(Given entries)
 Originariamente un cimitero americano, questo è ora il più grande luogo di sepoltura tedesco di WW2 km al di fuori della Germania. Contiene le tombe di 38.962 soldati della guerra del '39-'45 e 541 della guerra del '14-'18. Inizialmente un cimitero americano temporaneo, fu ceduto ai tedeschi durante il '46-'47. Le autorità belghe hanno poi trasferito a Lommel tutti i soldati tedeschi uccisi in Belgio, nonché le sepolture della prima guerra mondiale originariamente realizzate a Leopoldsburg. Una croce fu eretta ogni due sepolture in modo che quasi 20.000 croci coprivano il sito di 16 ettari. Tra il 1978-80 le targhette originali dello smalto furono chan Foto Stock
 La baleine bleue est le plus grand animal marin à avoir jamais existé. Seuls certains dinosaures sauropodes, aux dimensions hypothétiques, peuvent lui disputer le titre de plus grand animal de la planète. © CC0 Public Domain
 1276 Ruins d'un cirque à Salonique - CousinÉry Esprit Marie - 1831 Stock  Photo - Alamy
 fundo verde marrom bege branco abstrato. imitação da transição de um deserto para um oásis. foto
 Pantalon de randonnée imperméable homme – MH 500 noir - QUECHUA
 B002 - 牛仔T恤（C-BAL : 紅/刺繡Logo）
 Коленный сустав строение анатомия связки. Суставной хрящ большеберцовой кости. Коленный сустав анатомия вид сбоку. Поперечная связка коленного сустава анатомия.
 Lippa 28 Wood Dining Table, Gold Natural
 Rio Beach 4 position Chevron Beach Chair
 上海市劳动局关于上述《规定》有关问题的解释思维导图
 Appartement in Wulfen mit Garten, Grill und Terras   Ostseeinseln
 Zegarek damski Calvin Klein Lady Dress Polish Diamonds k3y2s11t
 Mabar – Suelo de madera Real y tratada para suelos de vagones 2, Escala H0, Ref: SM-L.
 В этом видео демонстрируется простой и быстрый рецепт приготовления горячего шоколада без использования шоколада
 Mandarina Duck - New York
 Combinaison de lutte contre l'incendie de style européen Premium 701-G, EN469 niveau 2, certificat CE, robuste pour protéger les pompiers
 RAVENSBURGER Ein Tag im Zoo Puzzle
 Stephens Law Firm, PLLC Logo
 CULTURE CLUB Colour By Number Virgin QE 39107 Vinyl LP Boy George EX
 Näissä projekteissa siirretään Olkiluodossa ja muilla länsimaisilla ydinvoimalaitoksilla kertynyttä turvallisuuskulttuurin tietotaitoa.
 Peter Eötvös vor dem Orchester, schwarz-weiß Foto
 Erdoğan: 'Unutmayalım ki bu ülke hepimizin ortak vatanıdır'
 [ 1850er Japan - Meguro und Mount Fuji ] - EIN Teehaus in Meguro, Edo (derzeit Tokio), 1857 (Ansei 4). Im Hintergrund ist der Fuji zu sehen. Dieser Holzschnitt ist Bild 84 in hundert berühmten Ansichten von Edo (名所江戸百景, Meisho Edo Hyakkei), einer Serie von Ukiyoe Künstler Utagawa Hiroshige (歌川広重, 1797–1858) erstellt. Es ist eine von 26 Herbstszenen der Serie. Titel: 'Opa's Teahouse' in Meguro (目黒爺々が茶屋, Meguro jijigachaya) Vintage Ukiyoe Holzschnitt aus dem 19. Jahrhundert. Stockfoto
(End Given entries)
## Task to carry out
Using only the listing above, restate exactly the lines from the line containing "В этом видео" through the line containing "Erdoğan: 'Unutmayalım ki", both included.

## Output for this exercise
 В этом видео демонстрируется простой и быстрый рецепт приготовления горячего шоколада без использования шоколада
 Mandarina Duck - New York
 Combinaison de lutte contre l'incendie de style européen Premium 701-G, EN469 niveau 2, certificat CE, robuste pour protéger les pompiers
 RAVENSBURGER Ein Tag im Zoo Puzzle
 Stephens Law Firm, PLLC Logo
 CULTURE CLUB Colour By Number Virgin QE 39107 Vinyl LP Boy George EX
 Näissä projekteissa siirretään Olkiluodossa ja muilla länsimaisilla ydinvoimalaitoksilla kertynyttä turvallisuuskulttuurin tietotaitoa.
 Peter Eötvös vor dem Orchester, schwarz-weiß Foto
 Erdoğan: 'Unutmayalım ki bu ülke hepimizin ortak vatanıdır'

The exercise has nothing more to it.